4.4 Define the initial conditions of the model

initial <- prep.initial(
  values.inistate=c(.15,.15),
  params.inistate=c('mu_wp', 'mu_hp'),
  values.inicov=matrix(c(1,0.1,
                         0.1,1),byrow=T,ncol=2),
  params.inicov=matrix(c("v_11","c_21",
                         "c_21","v_22"),byrow=T,ncol=2))

4.5 Define the covariance structures of the measurement noise covariance matrix and the dynamic noise covariance matrix

mdcov <- prep.noise(
  values.latent=matrix(c(1,0.3,
                         0.3,1),byrow=T,ncol=2), 
  params.latent=matrix(c("v_wp","c_hw",
                         "c_hw","v_hp"),byrow=T,ncol=2), 
  values.observed=diag(rep(0,2)), 
  params.observed=diag(c('fixed','fixed'),2))

4.6 Pass data and submodels to dynrModel object

model <- dynr.model(dynamics=dynm, measurement=meas,
                    noise=mdcov, initial=initial, data=rawdata,
                    outfile=paste("trial.c",sep=""))

4.7 Plot the Formula

plotFormula(dynrModel = model, ParameterAs = model$param.names, printDyn = TRUE, printMeas = TRUE)

4.8 Apply dynr.mi()

dynr.mi() function is used to implement multiple imputation and parameter estimation procedures. In this particular trial, imp.obs was set as FALSE to request a partial MI approach.

Two auxiliary variables (i.e., x1 and x2) were included in the imputation model given their associations with missing data. We also included lagged information for dependent variables up to the previous time point (i.e., lag of 1) in the imputation model.

The number of imputations was set as 5, which is the default number of imputations in the mice() function in MICE package. The number of MCMC iterations in each imputation was set as 10 for the diagnostic purpose.
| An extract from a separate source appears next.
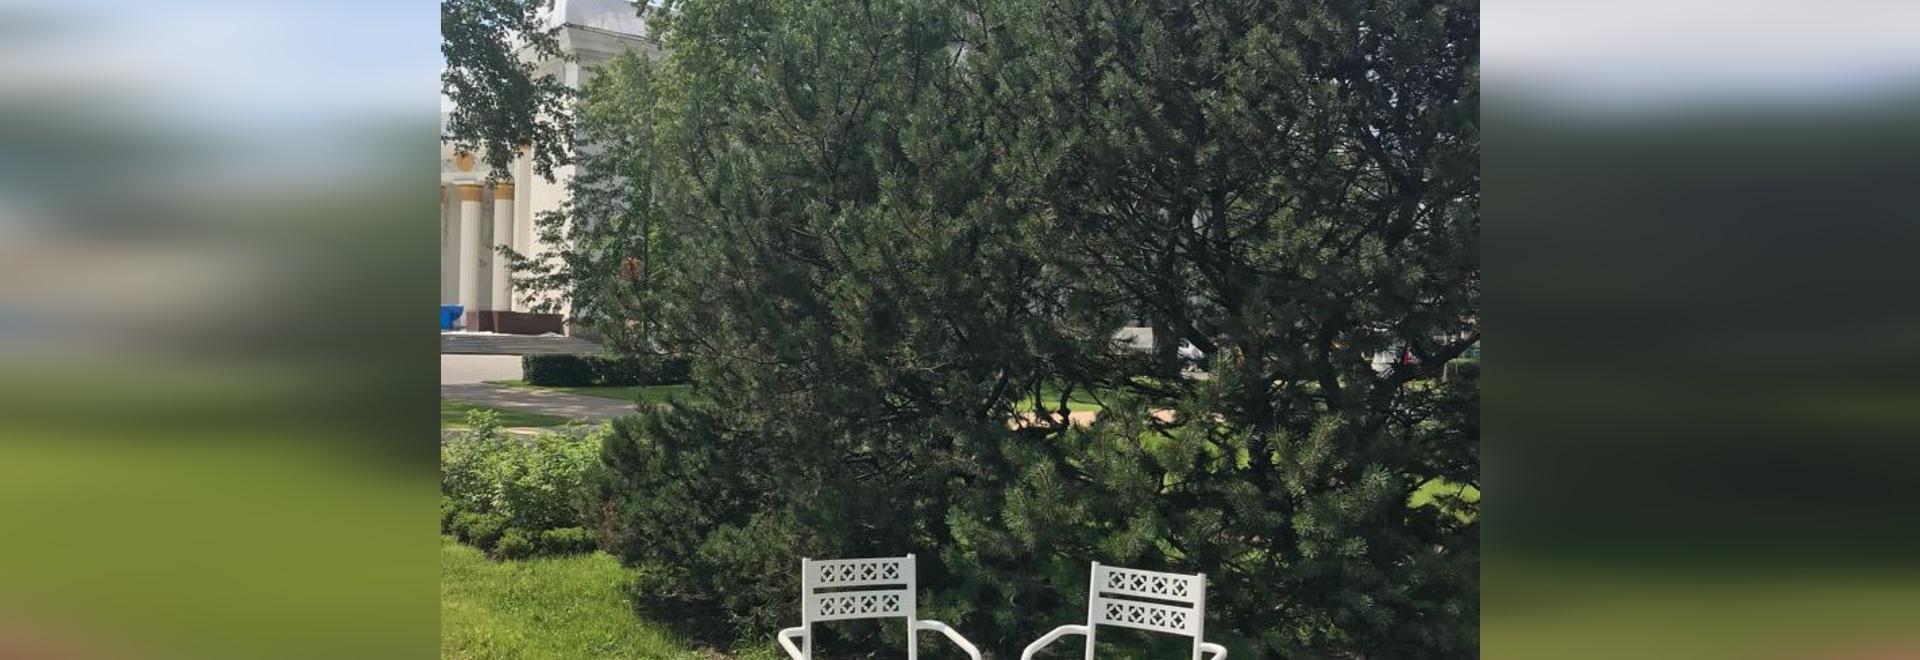 Park in Kazan
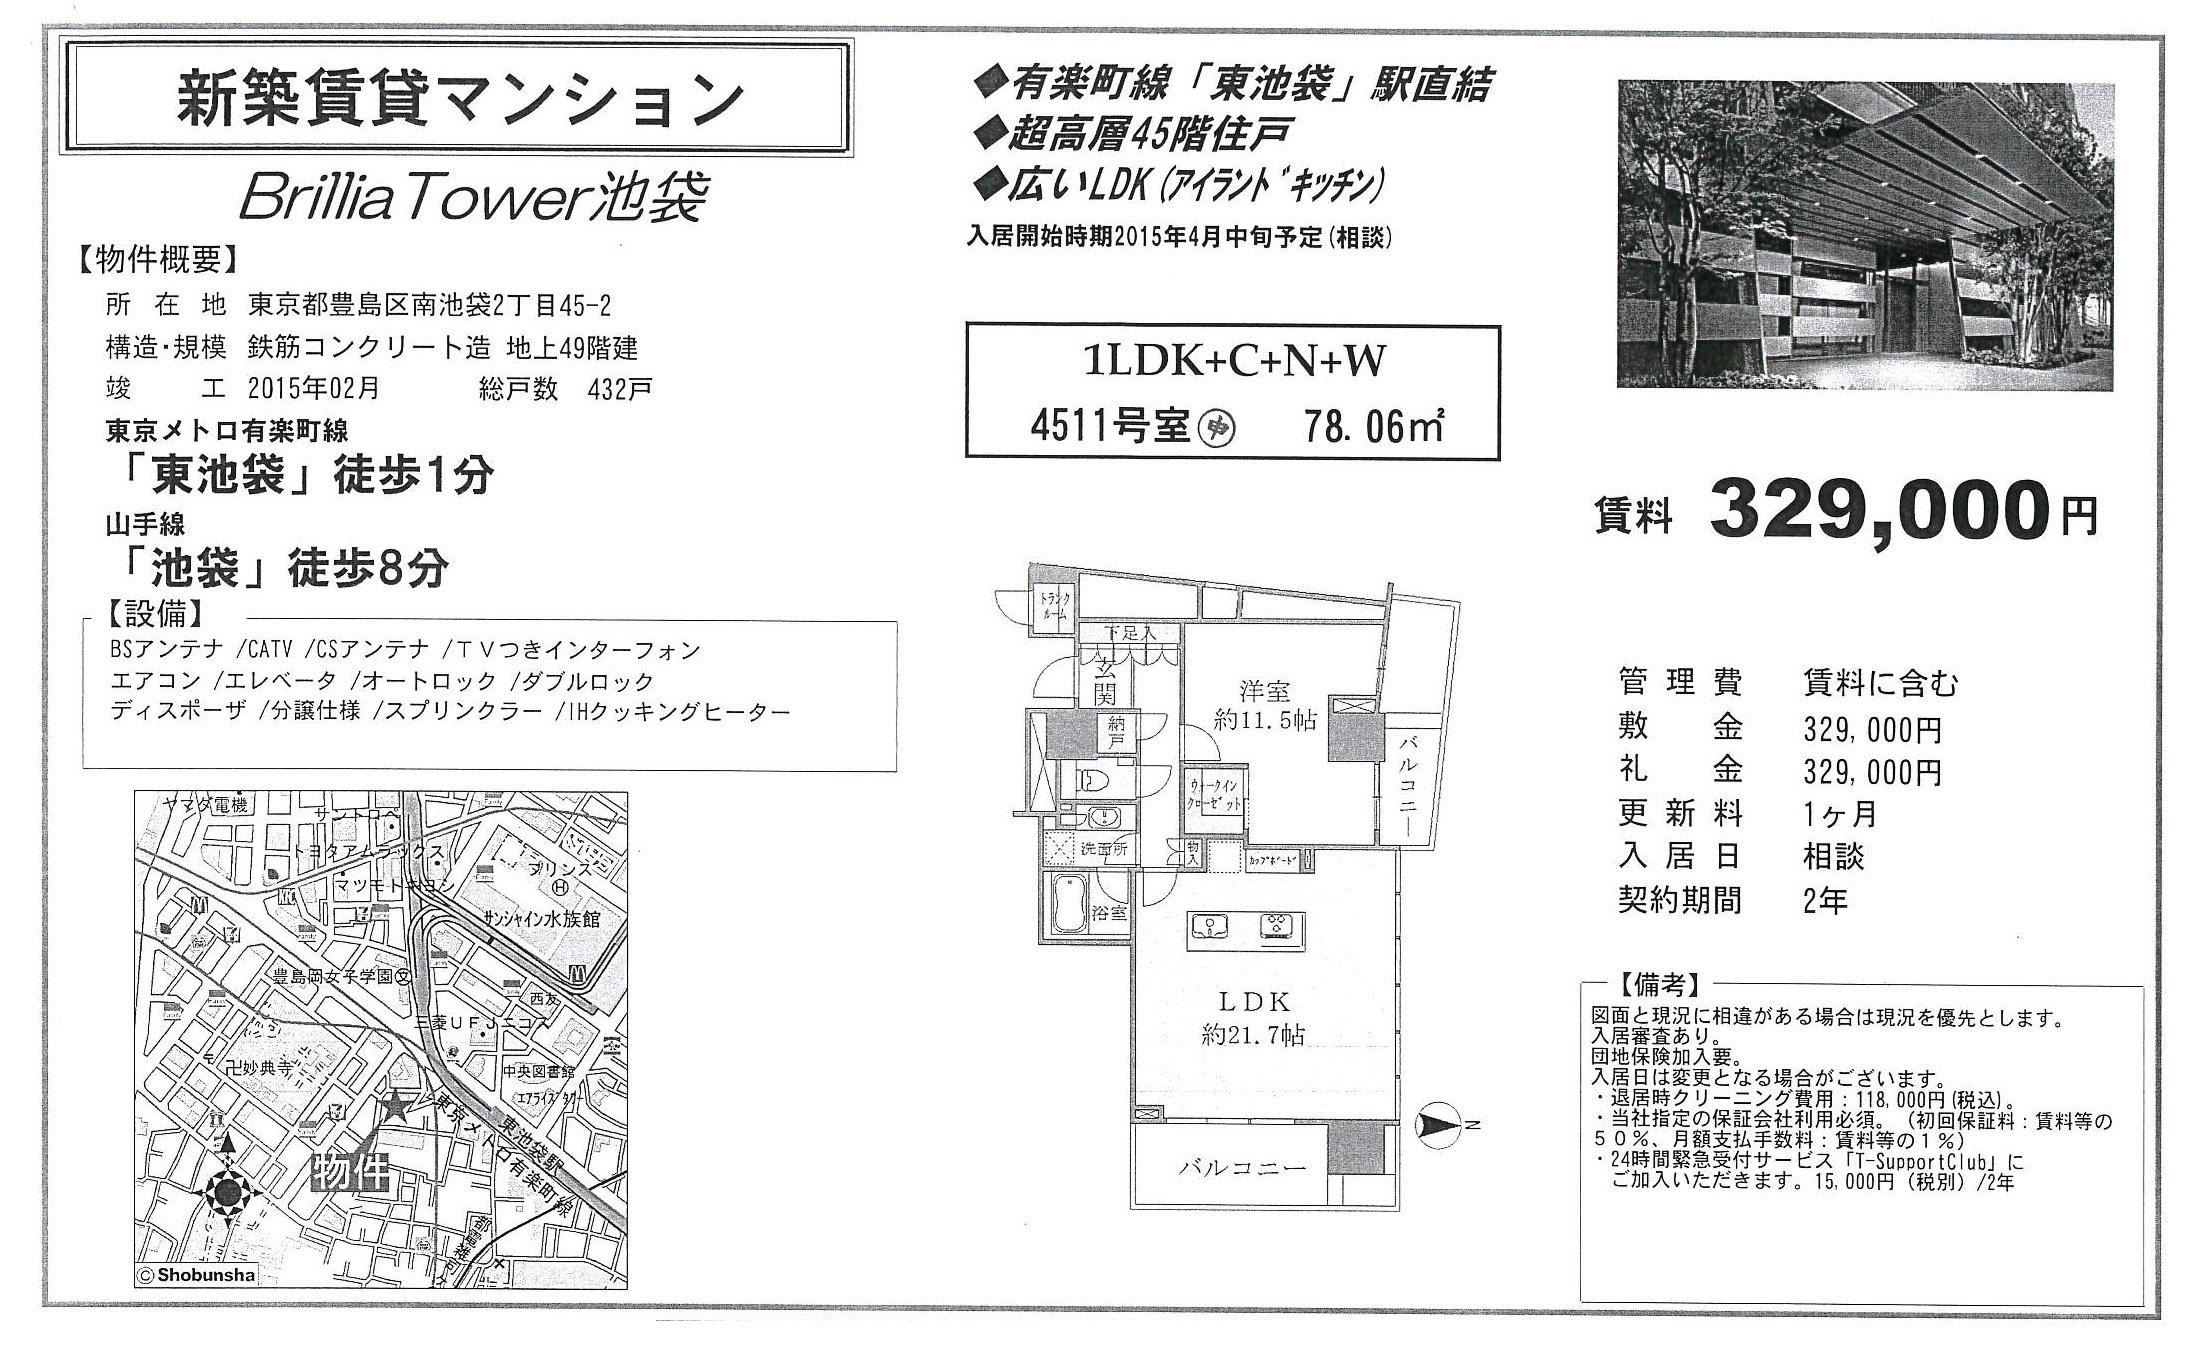 ブリリアタワー池袋図面4511号室

result <- dynr.mi(model, which.aux=c("x1","x2"), 
  which.lag=c("wp","hp"), lag=1,
  which.lead=NULL, lead=0,
  m=5, iter=10, 
  imp.obs=FALSE, imp.exo=TRUE,
  diag = TRUE, Rhat=1.1,
  conf.level=0.95,
  verbose=FALSE, seed=12345)

5 Compare true parameters to estimated ones

truep <- c(a=0.4, b=-0.3, b1=-0.2, a1=0.3,
           c=0.3, c1=0.3, d=-0.5, d1=-0.4,
           v_wp = 1, c_hw = 0.3, v_hp = 1)
estp <- result$estimation.result[1:11, ]
data.frame(truep, estp)
truep Estimate Std..Error t.value ci.lower ci.upper Pr…t..
a 0.4 0.3860217 0.0105734 36.50869 0.3652956 0.4067477 0
b -0.3 -0.2967944 0.0118591 -25.02674 -0.3200406 -0.2735482 0
b1 -0.2 -0.2060782 0.0106906 -19.27651 -0.2270340 -0.1851224 0
a1 0.3 0.2872139 0.0118920 24.15176 0.2639030 0.3105247 0
c 0.3 0.2972987 0.0186882 15.90838 0.2606661 0.3339312 0
c1 0.3 0.2818793 0.0184995 15.23710 0.2456165 0.3181421 0
d -0.5 -0.4974293 0.0110962 -44.82897 -0.5191800 -0.4756786 0
d1 -0.4 -0.3989903 0.0110657 -36.05641 -0.4206813 -0.3772992 0
v_wp 1.0 1.0463369 0.0188458 55.52100 1.0093953 1.0832784 0
c_hw 0.3 0.3156262 0.0149351 21.13313 0.2863503 0.3449020 0
v_hp 1.0 1.0225720 0.0182833 55.92941 0.9867331 1.0584109 0

With dynr.mi(), we obtained good recovery of parameters of interest.

6 Convergence diagnostic check

#Rhat plot
result$Rhat.plot

From the Rhat plot, we can see that 6 iterations in each imputation would be sufficient to obtain stable imputation results.